Member of Parliament for Birmingham Moseley
- In office 14 December 1918 – 11 February 1921
- Preceded by: Leverton Harris (East Worcestershire)
- Succeeded by: Patrick Hannon

Personal details
- Born: 25 February 1864
- Died: 16 November 1931 (aged 67)
- Party: Conservative
- Other political affiliations: Liberal Unionist

= Hallewell Rogers =

British politician

Sir Hallewell Rogers, DL (25 February 1864 – 16 November 1931) was a British Conservative politician who was Member of Parliament and Lord Mayor of Birmingham.

==Political career==
Rogers was elected Lord Mayor of Birmingham in November 1902, serving two consecutive terms until November 1904. He stood for the Liberal Unionist Party, a Liberal breakaway faction led by fellow Brummie Joseph Chamberlain.
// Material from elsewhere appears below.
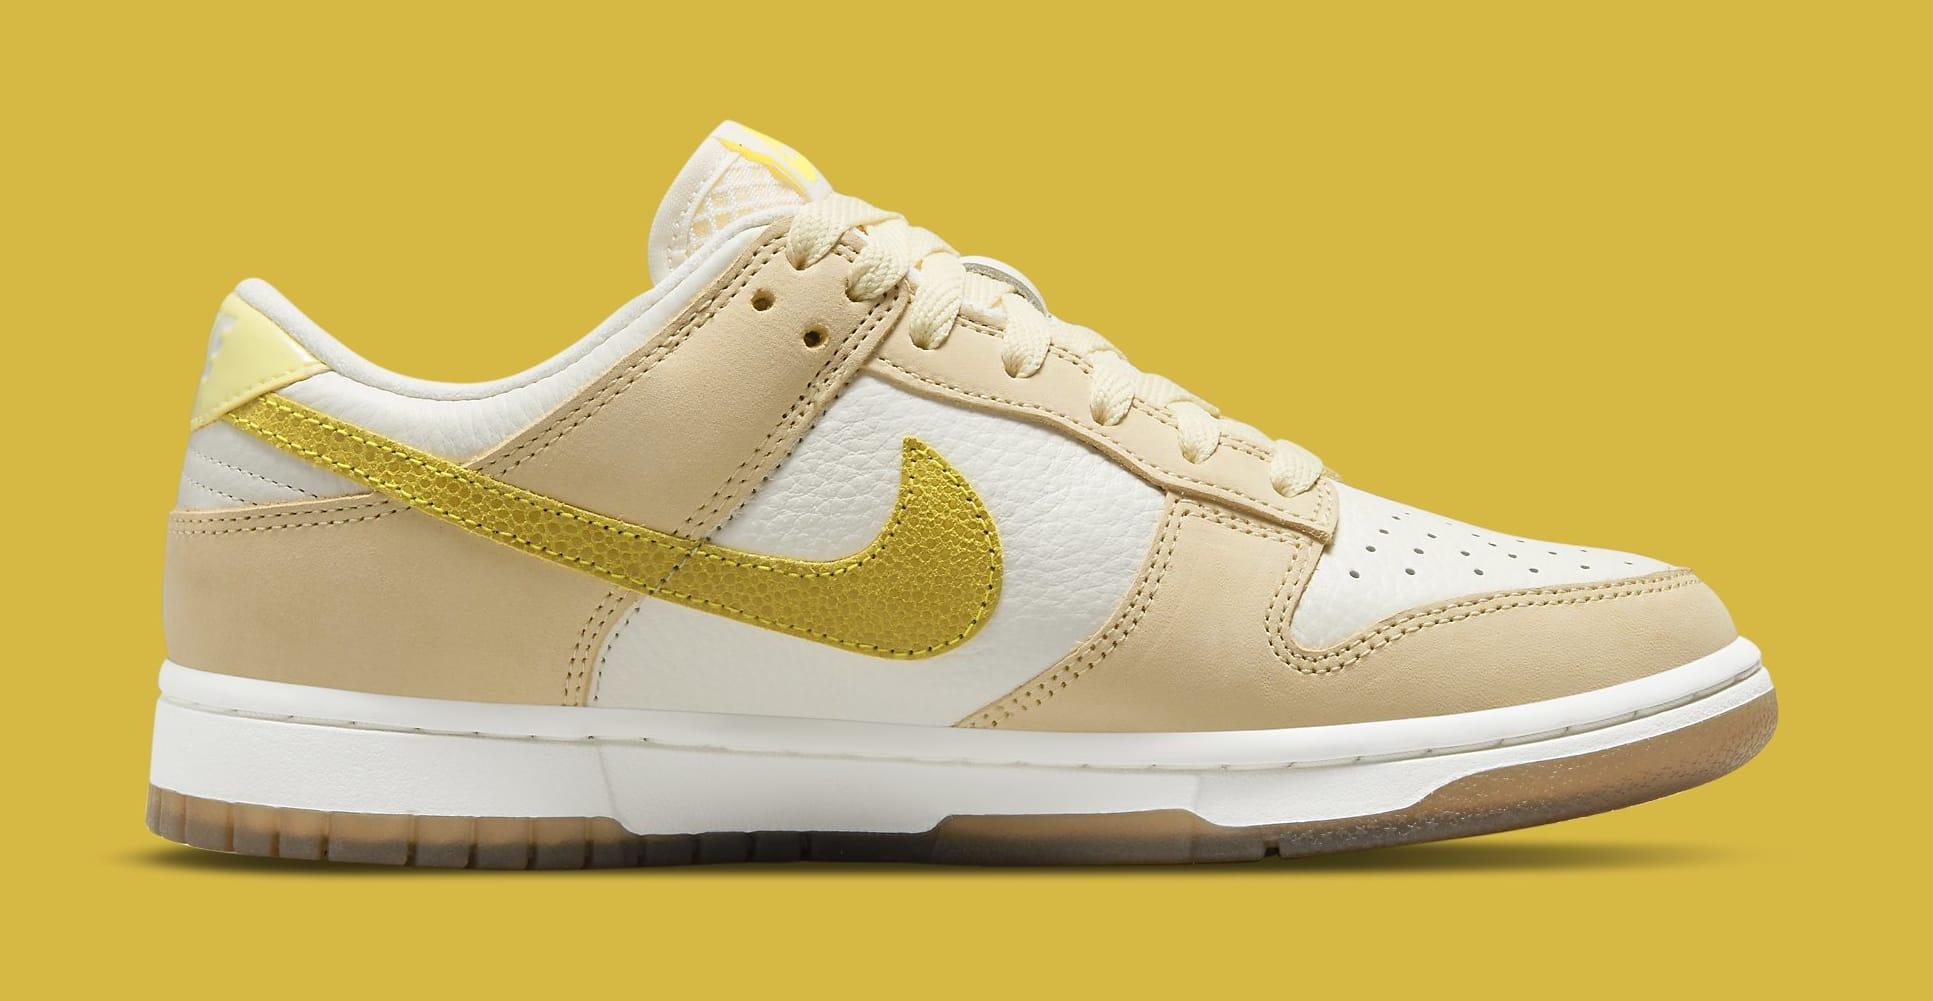 Nike Dunk Low 'Lemon Drop' DJ6902-700 Medial

The party in 1912 merged with the Conservative party, for which Rogers later entered parliament.

He was appointed Honorary Colonel of the 3rd South Midland Brigade, Royal Field Artillery, in 1913.

Rogers was elected member of parliament for Birmingham Moseley at the 1918 General Election. He resigned in February 1921, precipitating a by-election in March 1921.

In 1925, he was appointed a deputy lieutenant for Warwickshire.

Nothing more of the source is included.